The Standard Pension Plan is a noncontributory defined benefit retirement and death benefit plan. Funds are contributed periodically to a trust that invests the Company’s contributions and earnings thereon in order to pay the benefits to the participating employees. The plan provides for the payment of monthly retirement benefits determined under a calculation based on credited years of service and a participant’s highest compensation over five consecutive years in the last ten years of employment. Retirement benefits are paid to participants upon normal retirement at the age of 65 or later, or upon early retirement. Covered compensation includes salary and non-equity incentive plan compensation as shown in the “Summary Compensation Table.” Other elements of compensation in the “Summary Compensation Table” are not included in covered compensation. The normal monthly retirement benefit payable at age 65 is a life annuity with ten years guaranteed equal to 3/4 of 1% of average monthly compensation up to $800 plus 1% of average monthly compensation over $800 times the years of credited service. The plan also provides for the payment of a death benefit before retirement that is the greater of the lump sum value of the accrued benefit under the pension plan or one times base pay with less than 10 years of service and 2 12 times base pay with at least ten (10) years of service. Participants in the Standard Pension Plan can choose to receive benefit payments at age 65 even if still employed. If they make such an election, no death benefit is available.

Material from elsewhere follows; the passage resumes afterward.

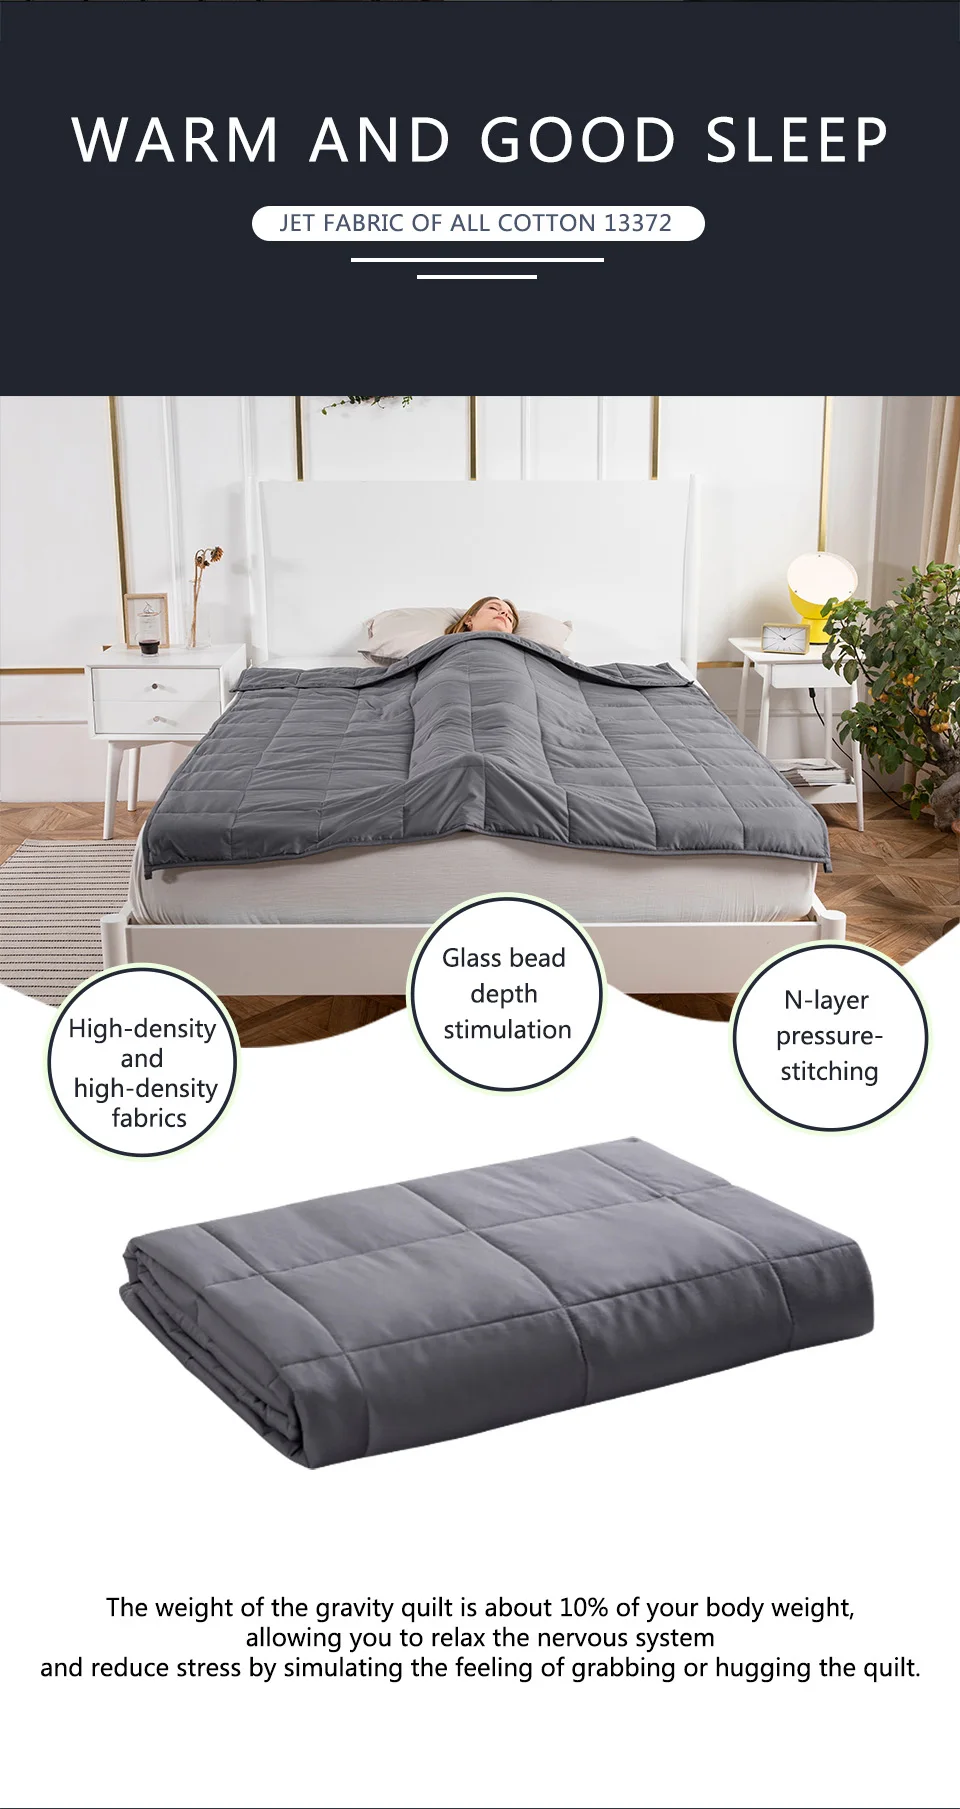 Помощь давление взвешенное одеяло для аутизм, тревожность взвешенное одеяло для взрослых гравитационное одеяло s декомпрессия сна взвешенное одеяло

The Company has a Supplemental Retirement Plan that applies to Mr. Wallace. The Supplemental Retirement Plan provides that the amount of the annual retirement benefit under the Standard Pension Plan that is limited by reason of compliance with the Code is paid as a supplemental pension benefit. The benefit payment terms are the same as the terms of the Standard Pension Plan. The benefits are payable from the general assets of the Company. On February 13, 2009, the Board amended the Supplemental Retirement Plan and the Standard Pension Plan. As a result, all future benefit accruals under the Supplemental Retirement Plan and the Standard Pension Plan automatically ceased effective March 31, 2009 for all participants and the accrued benefits under each plan were determined and frozen as of that date. These amendments are discussed in the Compensation Discussion and Analysis section under “Post-employment Benefits.”

 

 

Nonqualified Deferred Compensation

The table below shows the contributions by the executives and the Company, the aggregate earnings on nonqualified deferred compensation in 2015 and the aggregate balance at year end under nonqualified deferred compensation plans of the Company.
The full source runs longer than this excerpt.